Ivermectin wird in Bezug auf parasitäre Erkrankungen in der Therapie eingesetzt. Es kommt dann zur Anwendung, wenn Menschen von Strongyloidiasis, Filariose, Krätze, Läuse und Milben befallen sind. Ivermectin ist auf dem Markt als Stromectol Generika bekannt.

  • Wirkstoff: Ivermectin
  • Dosierung: 3 mg, 6 mg, 12 mg
  • Wirkstoffklasse: Antiparasitikum
  • Preis pro Packung ab: €37
  • Zahlungsart:

Sowohl die Zusammensetzung als auch die Eigenschaften sind bei beiden Medikamenten identisch nur der Preis ist wesentlich günstiger. Ivermectin 3 mg, 6 mg und 12 mg in Tabletten ab 37 euro pro Packung bestellen.

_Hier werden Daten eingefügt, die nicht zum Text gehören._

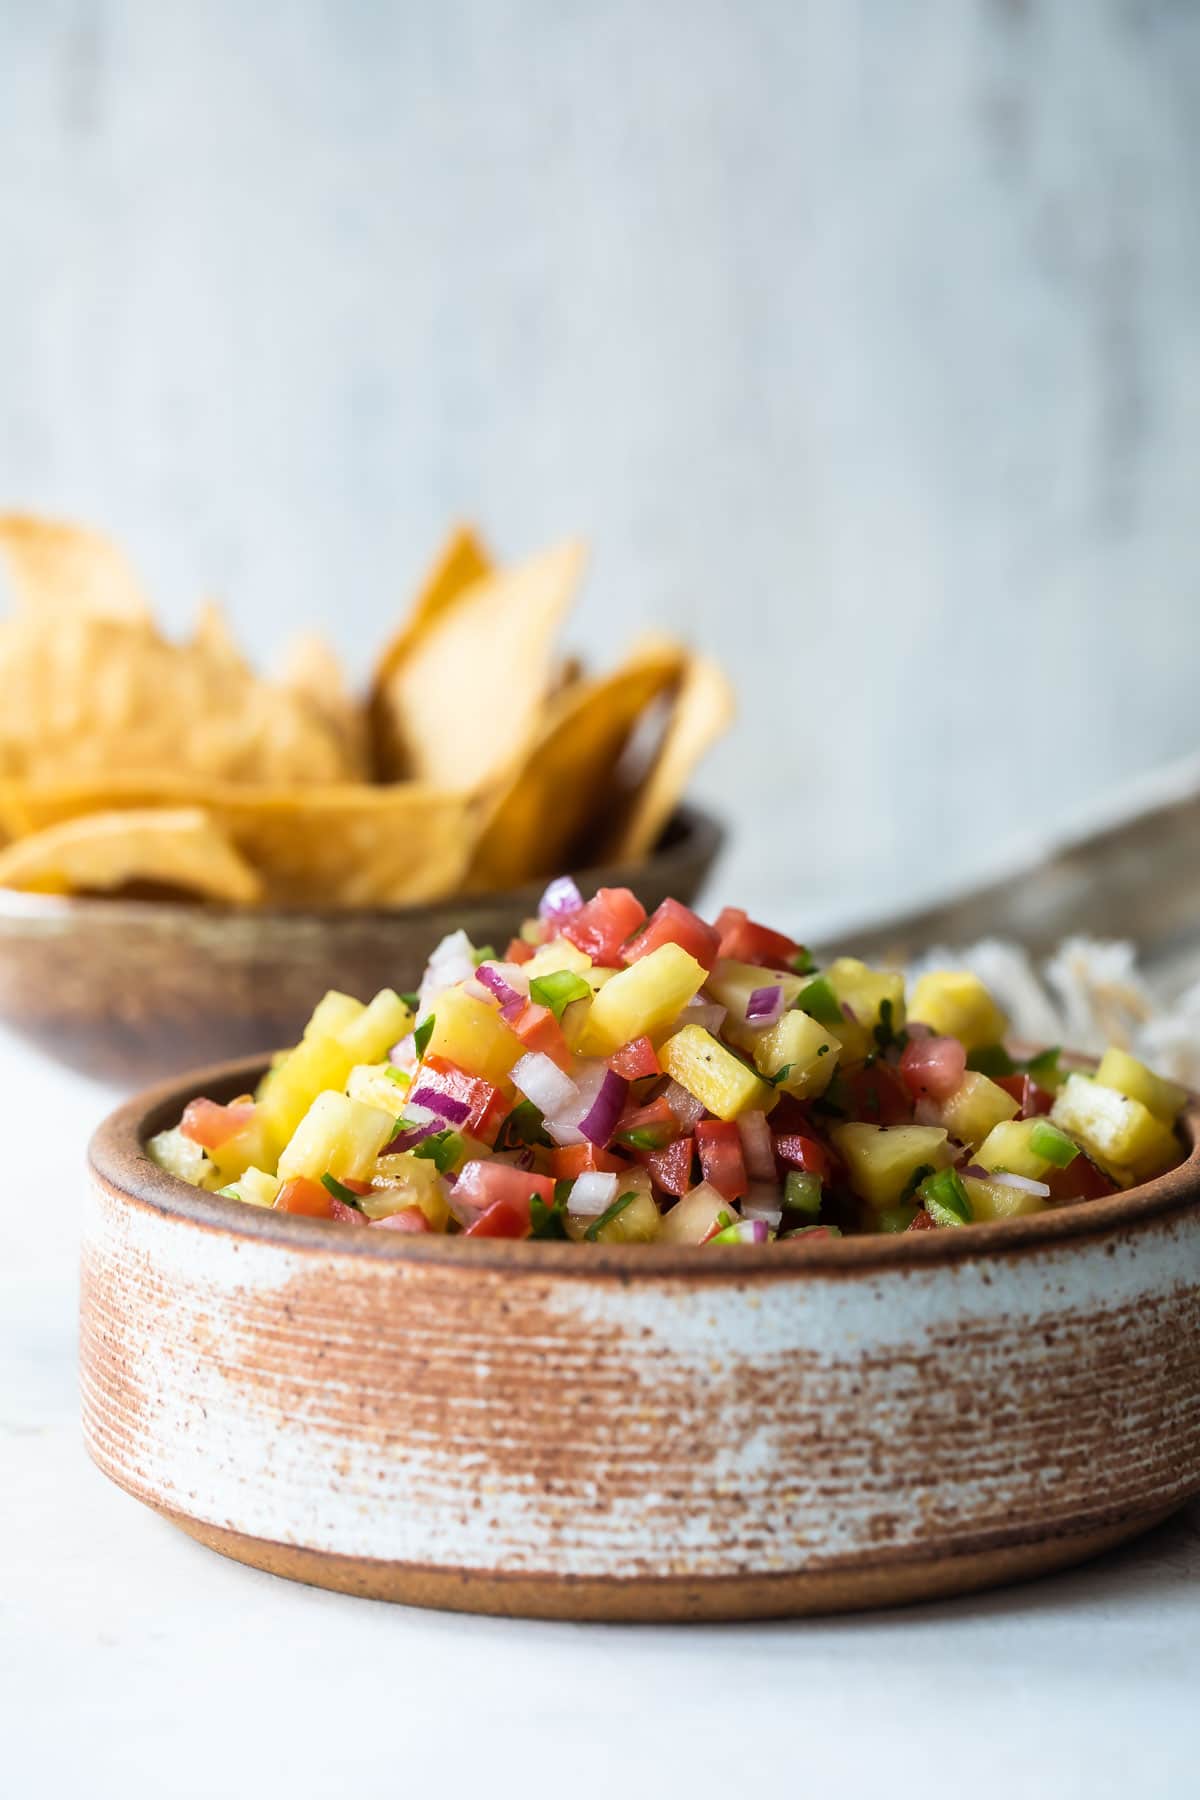 Pineapple salsa in a brown bowl.

Sie möchten lange Wartezeiten in Apotheken vermeiden und Ihre Gesundheitskosten effizient senken? Hier ist unser Angebot: Bei unsere Online-Apotheke können Ivermectin-Tabletten ohne Rezept aus Österreich kaufen werden. Sie können zwischen folgenden Zahlungsarten wählen: Kauf auf Rechnung, Kreditkarte, Paypal, Lastschrift, Vorkasse, VISA, Mastercard.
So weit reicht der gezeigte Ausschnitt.